§ **PROBLEM**: Beginning at the line containing "the making of you book by binky felstead.jpg" in the material below and ending at the line containing "Figurenlampe 'Putto' /", return each line exactly and add nothing.

§ **PROVIDED MATERIAL**:
Segment Open

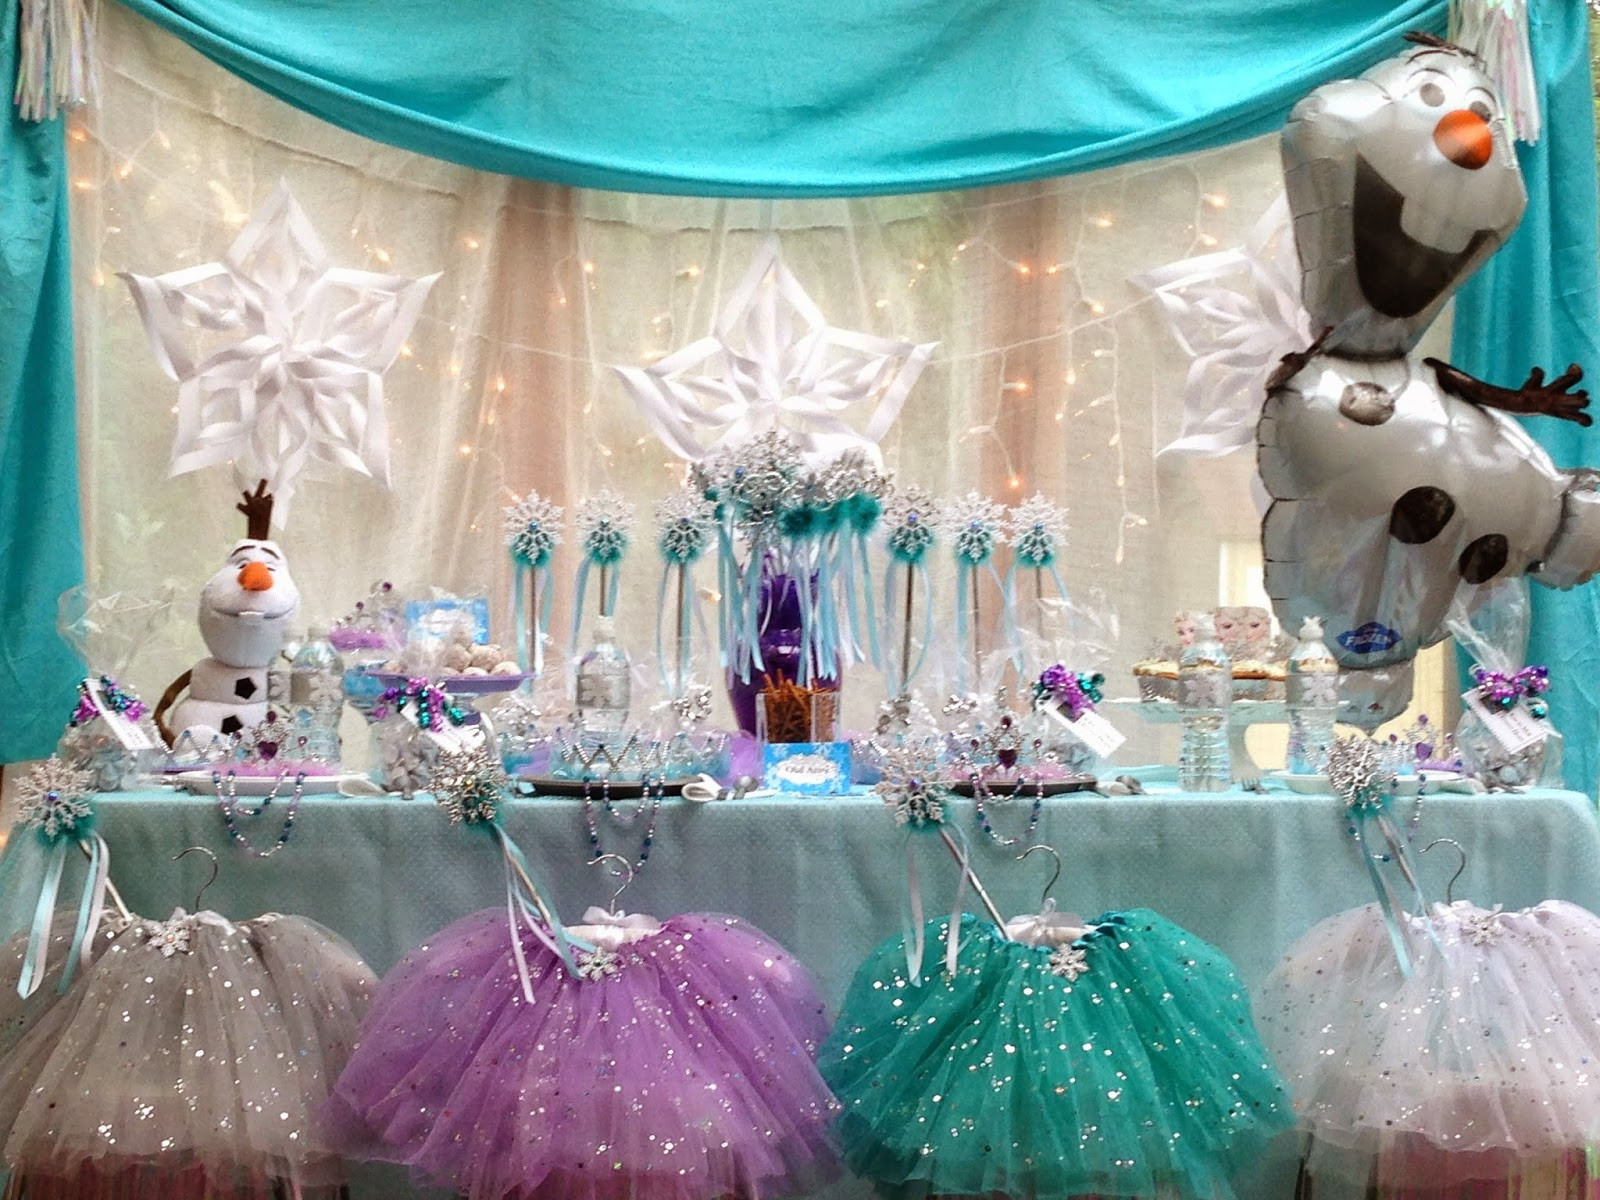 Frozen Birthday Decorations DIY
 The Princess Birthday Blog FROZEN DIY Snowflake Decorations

Segment Closed
Segment Open

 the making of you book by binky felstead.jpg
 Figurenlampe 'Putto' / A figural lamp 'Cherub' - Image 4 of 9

Segment Closed

§ **EXERCISE RESPONSE**:
 the making of you book by binky felstead.jpg
 Figurenlampe 'Putto' / A figural lamp 'Cherub' - Image 4 of 9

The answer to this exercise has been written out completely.